Face à cette " Apparition ", que l'on perçoit comme une " Résurrection ", le saisissement saisit quiconque se trouve " abimé " dans la contemplation et comme plongé dans un abîme. Un saisissement qui débouche sur un sentiment de respect et de révérence sacrée. Avec cette toile appartenant à la série " Christ ", Ernest Breleur ne nous a-t-il pas proposé en 1993 une méditation s'apparentant à une " Leçon de ténèbres " ? Une méditation très personnelle qui sert de charnière entre les toiles antérieures de la période Fwomajé et les œuvres radiographiques à venir. Ces œuvres, chacune à leur manière, questionnent la fonction de l'art et sa relation au sacré. Elles constituent autant de tentatives de la part de l'artiste pour tenter d'éclairer ce " chaos monde " dont faisait état son ami, poète et philosophe, Edouard Glissant. Car, comme vient de l'écrire François CHENG dans son ouvrage Cinq méditations sur la mort6, "Un monde sans sacré est un monde de chaos.[...] C'est pourquoi il convient de réaffirmer le sacré fondamental, celui de la vie." Si ce tableau met un terme à sa série des " Christ " tout autant qu'à sa pratique de la peinture, Ernest Breleur n'en aura jamais fini ni avec la mort ni avec le corps. Avec la pesanteur du Néant d'un côté et avec l'incroyable " légèreté de l'Etre " de l'autre.

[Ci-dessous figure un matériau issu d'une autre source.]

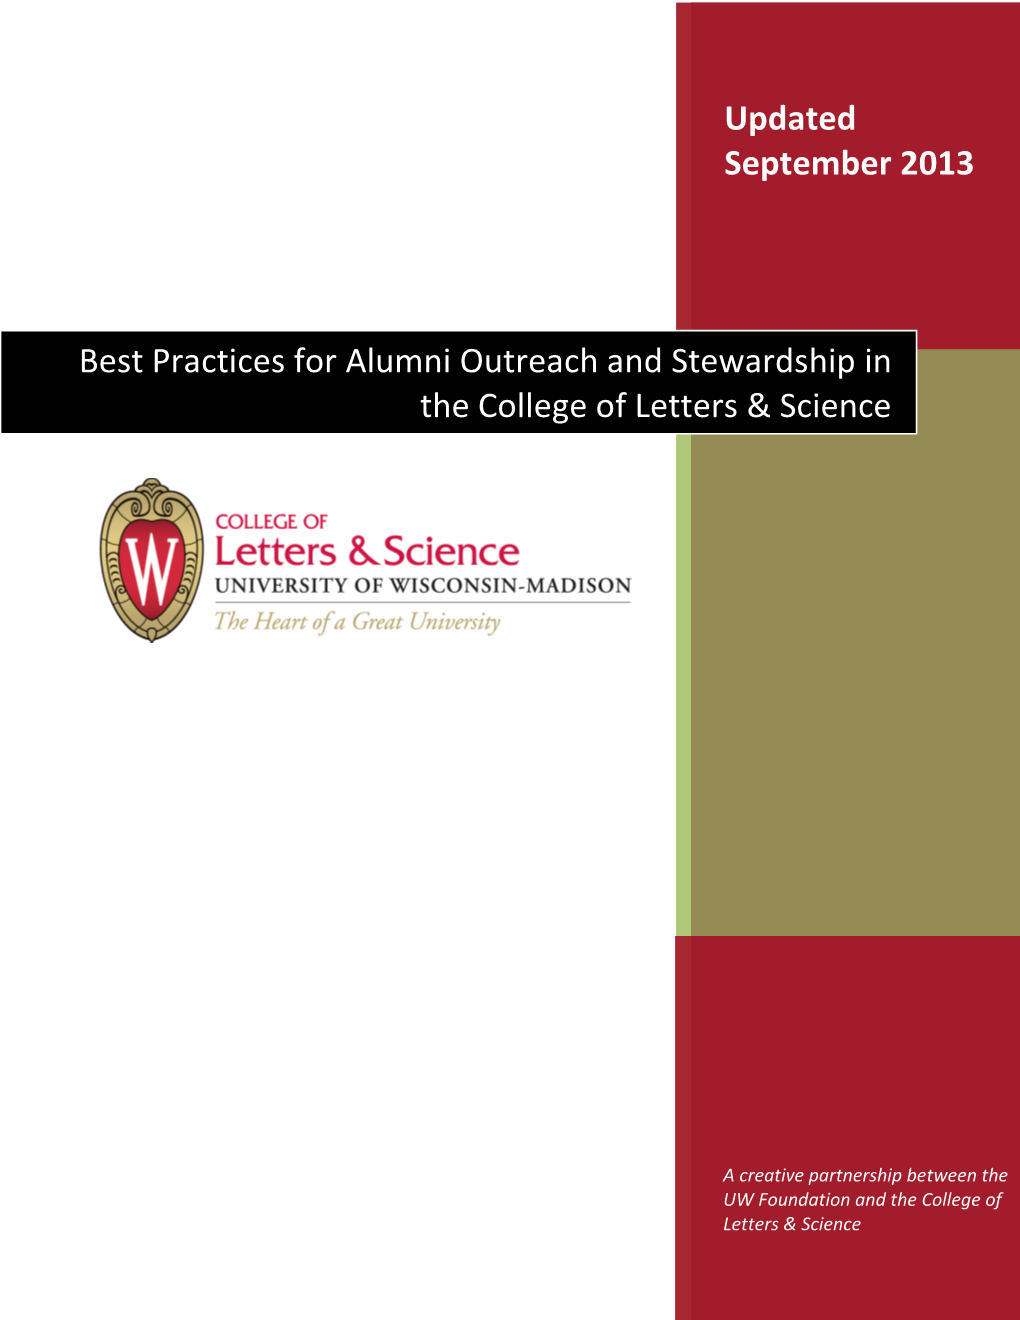 Best Practices for Alumni Outreach and Stewardship in the College of Letters & Science

1- Recherches en esthétique, " Appropriation ", revue n° 2 du CEREAP, 1996.
2 -Aimé Césaire, Cahier d'un retour au pays natal, Paris, éd. Présence Africaine, 1983, p. 61.
3- Pascal, Pensées, n° 72, éd. Brunschvicg.
4-Arthur Rimbaud, " Voyelles ", v. 9, Poésies complètes, Le Livre de Poche, 1960, p. 106.
5-Aica sc, 1er avril 2013, à propos de l'Exposition d'Ernest Breleur " Peintures 1989-1994 ". à l'Habitation Saint-Etinnes, Gros Morne, Martinique.
6-François CHENG, Cinq méditations sur la mort, Paris, Albin Michel, 2013.